Exactly as they appear, reproduce the lines from the one holding "Route map by Elliott Skierszkan." through the last line of the material below.

SOURCE DATA below:

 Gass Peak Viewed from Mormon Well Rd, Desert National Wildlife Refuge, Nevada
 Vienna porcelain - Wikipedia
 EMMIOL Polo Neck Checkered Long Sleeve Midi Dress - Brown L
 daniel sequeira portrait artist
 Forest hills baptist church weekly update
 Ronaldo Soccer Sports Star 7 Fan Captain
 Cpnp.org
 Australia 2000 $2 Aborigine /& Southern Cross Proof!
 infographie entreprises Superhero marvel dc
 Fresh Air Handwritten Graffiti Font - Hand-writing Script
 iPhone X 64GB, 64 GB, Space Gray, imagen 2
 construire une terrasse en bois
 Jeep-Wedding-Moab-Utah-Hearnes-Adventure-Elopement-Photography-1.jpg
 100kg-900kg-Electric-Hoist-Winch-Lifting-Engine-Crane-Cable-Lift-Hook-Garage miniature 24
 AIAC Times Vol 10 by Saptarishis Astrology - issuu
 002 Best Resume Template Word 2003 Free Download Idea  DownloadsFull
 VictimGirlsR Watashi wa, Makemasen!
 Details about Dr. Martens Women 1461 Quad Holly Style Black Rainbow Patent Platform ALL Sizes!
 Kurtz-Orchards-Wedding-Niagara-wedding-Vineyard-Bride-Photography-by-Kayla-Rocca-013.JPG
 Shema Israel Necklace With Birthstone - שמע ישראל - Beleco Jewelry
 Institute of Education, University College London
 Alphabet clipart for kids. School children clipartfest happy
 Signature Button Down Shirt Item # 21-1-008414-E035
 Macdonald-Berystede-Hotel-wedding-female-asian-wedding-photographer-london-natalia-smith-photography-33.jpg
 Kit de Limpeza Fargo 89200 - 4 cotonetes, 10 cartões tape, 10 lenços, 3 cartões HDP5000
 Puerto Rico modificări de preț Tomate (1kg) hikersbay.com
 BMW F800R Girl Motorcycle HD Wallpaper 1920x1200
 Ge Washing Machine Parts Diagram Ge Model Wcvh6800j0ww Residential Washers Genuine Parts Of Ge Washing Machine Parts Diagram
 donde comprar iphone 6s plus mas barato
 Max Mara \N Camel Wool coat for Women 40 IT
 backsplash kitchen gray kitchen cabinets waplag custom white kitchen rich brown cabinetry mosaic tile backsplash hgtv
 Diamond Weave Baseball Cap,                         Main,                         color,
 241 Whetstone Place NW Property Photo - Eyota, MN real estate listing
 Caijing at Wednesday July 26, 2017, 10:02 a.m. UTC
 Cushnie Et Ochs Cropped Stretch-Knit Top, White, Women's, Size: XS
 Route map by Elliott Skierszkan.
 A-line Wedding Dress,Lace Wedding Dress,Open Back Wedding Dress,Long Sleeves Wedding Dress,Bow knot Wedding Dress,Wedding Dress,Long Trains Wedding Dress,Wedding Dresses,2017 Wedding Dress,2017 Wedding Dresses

End of SOURCE DATA.

» TASK OUTPUT:
 Route map by Elliott Skierszkan.
 A-line Wedding Dress,Lace Wedding Dress,Open Back Wedding Dress,Long Sleeves Wedding Dress,Bow knot Wedding Dress,Wedding Dress,Long Trains Wedding Dress,Wedding Dresses,2017 Wedding Dress,2017 Wedding Dresses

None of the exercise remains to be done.